| Task to complete |
Print the listing below again, exactly. Skip the pictures.
── Dataset content
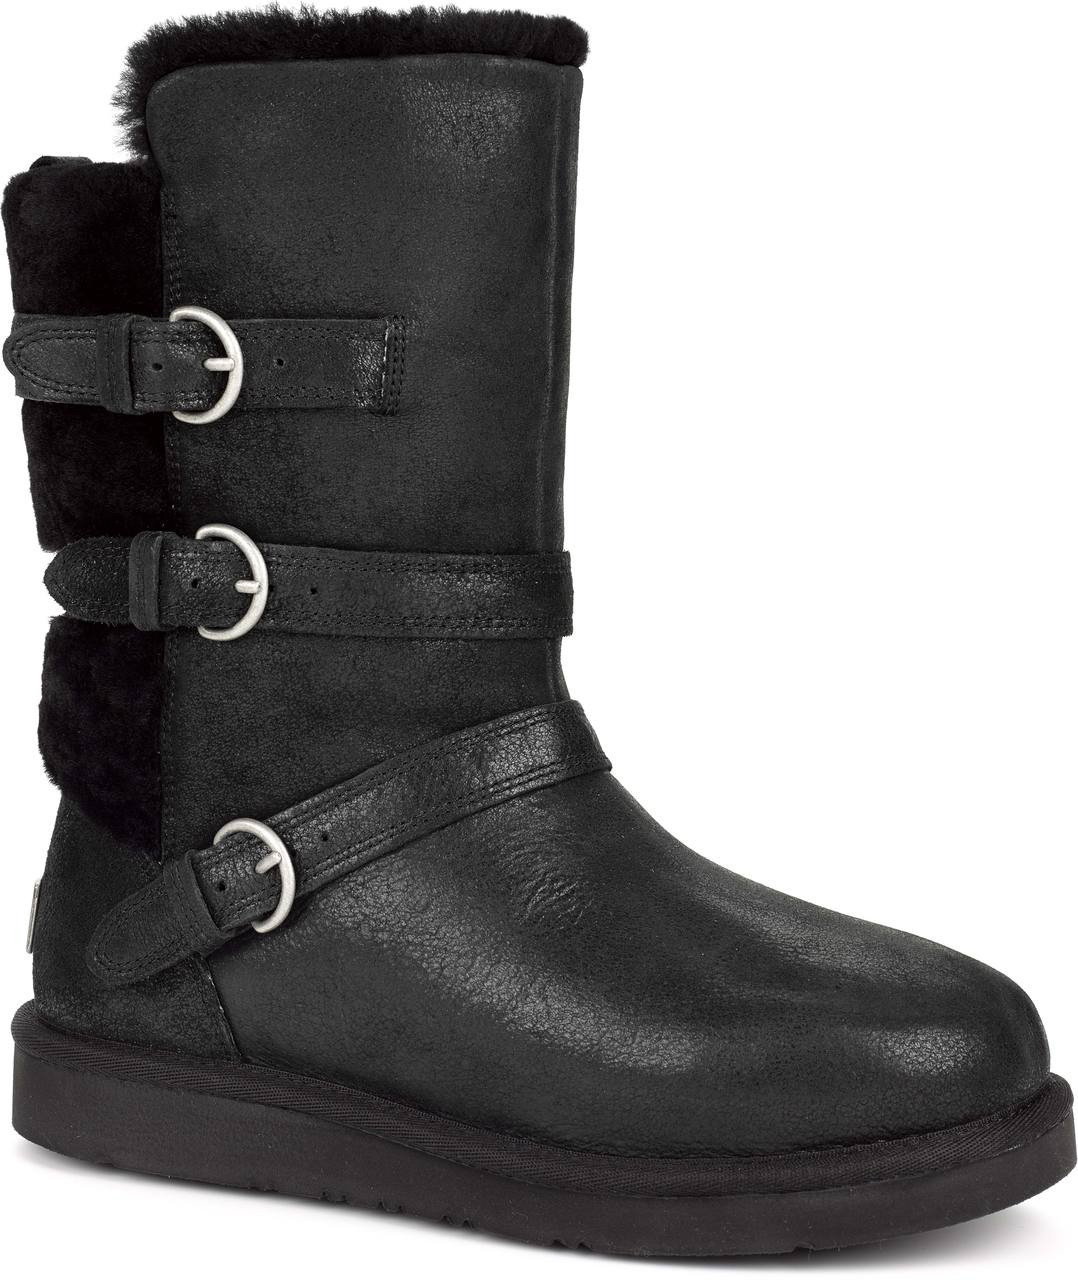 ebe7d1e31f1 Womens Ugg Australia Black Becket Boots - cheap watches mgc-gas.com
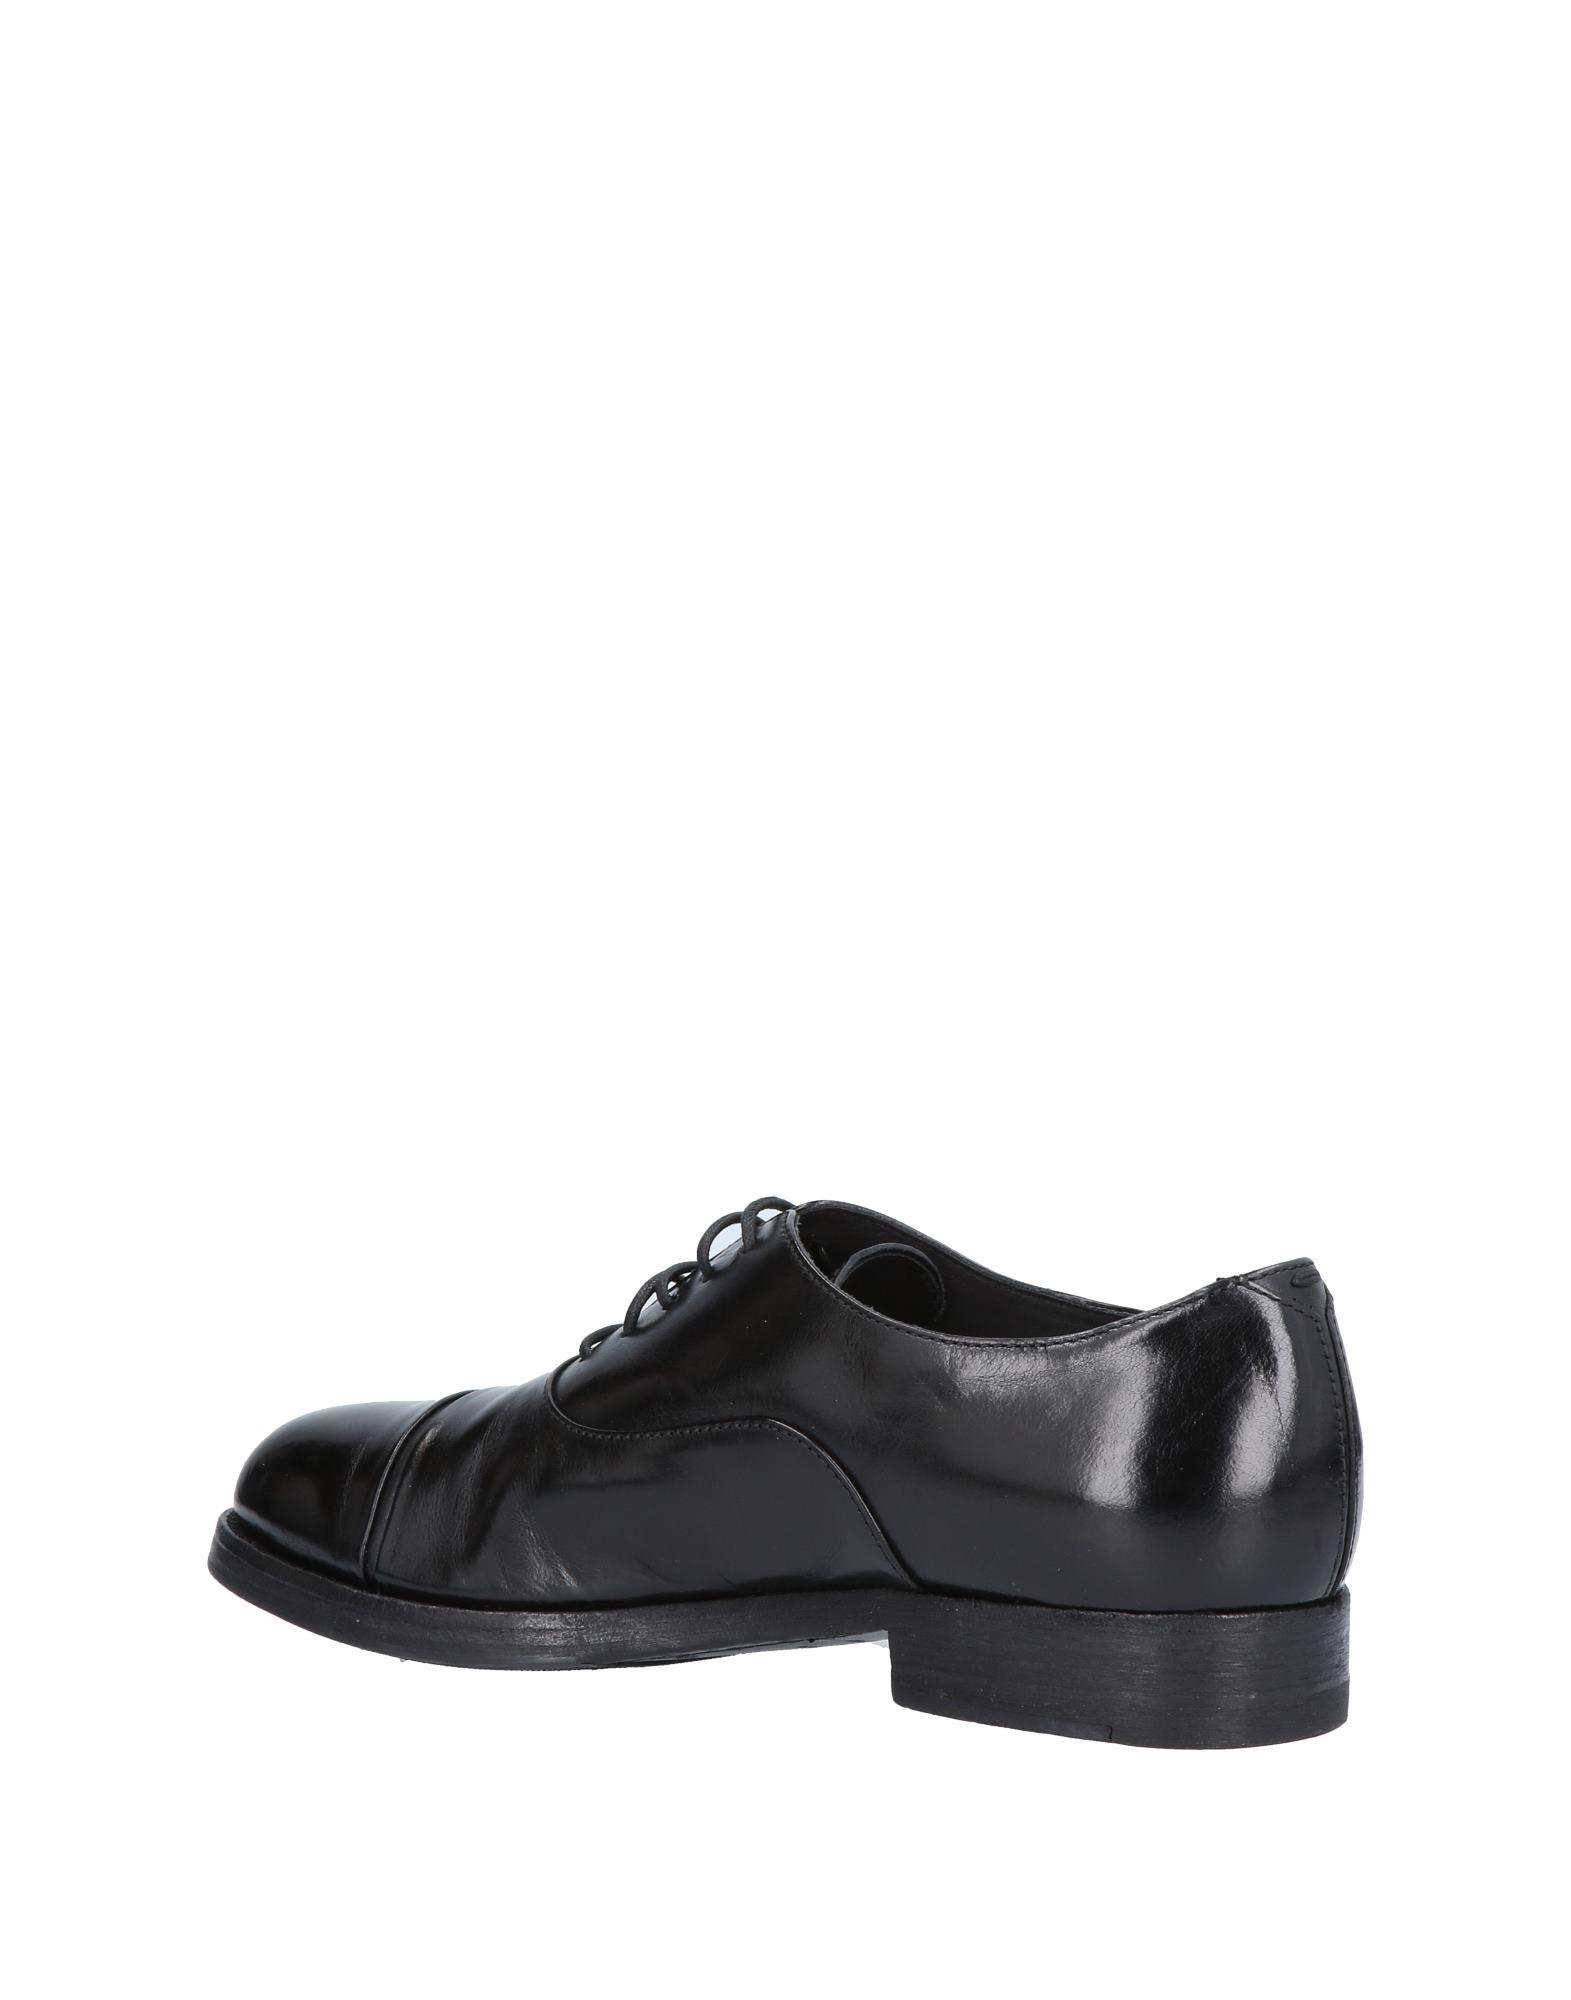 Stilvolle Pantanetti billige Schuhe Pantanetti Stilvolle Schnürschuhe Damen  11482132WH 159ce4
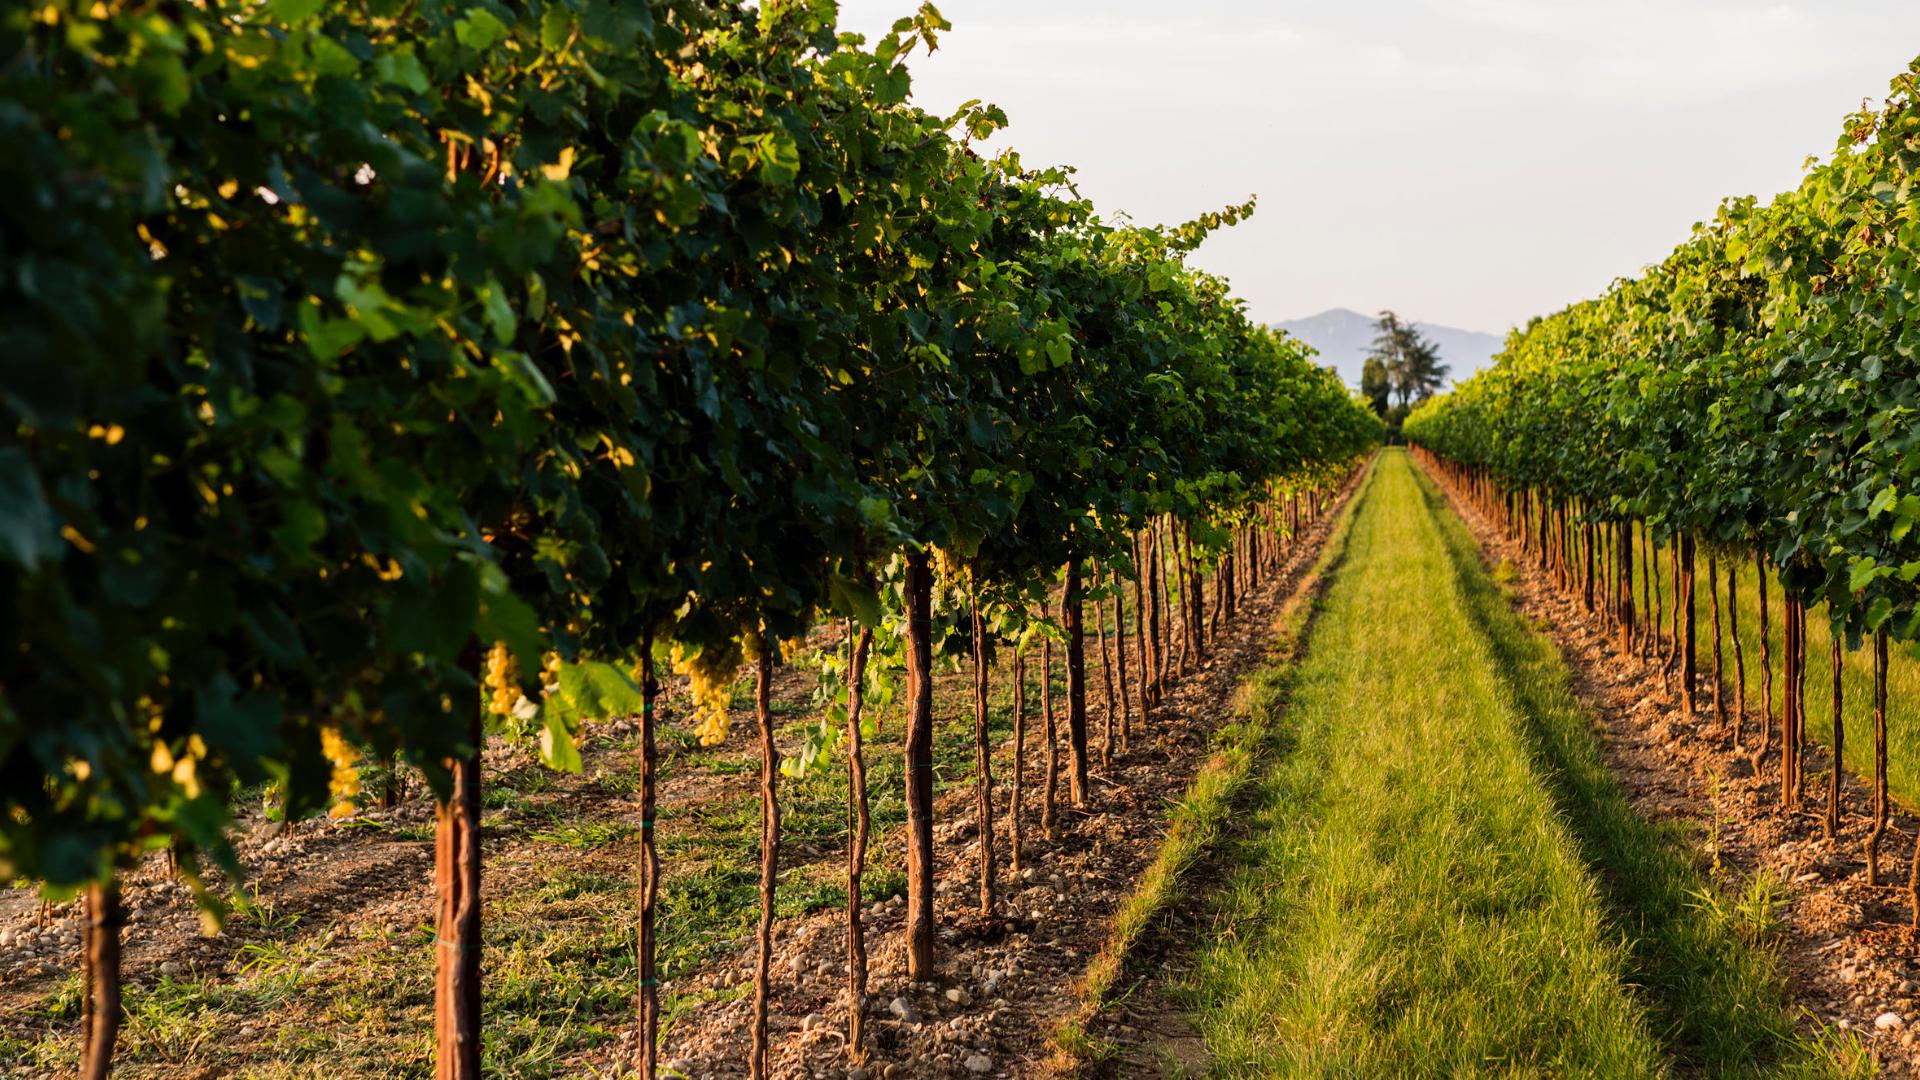 Vendrame vigne del doge
────
| Response below |
 ebe7d1e31f1 Womens Ugg Australia Black Becket Boots - cheap watches mgc-gas.com
 Stilvolle Pantanetti billige Schuhe Pantanetti Stilvolle Schnürschuhe Damen  11482132WH 159ce4
 Vendrame vigne del doge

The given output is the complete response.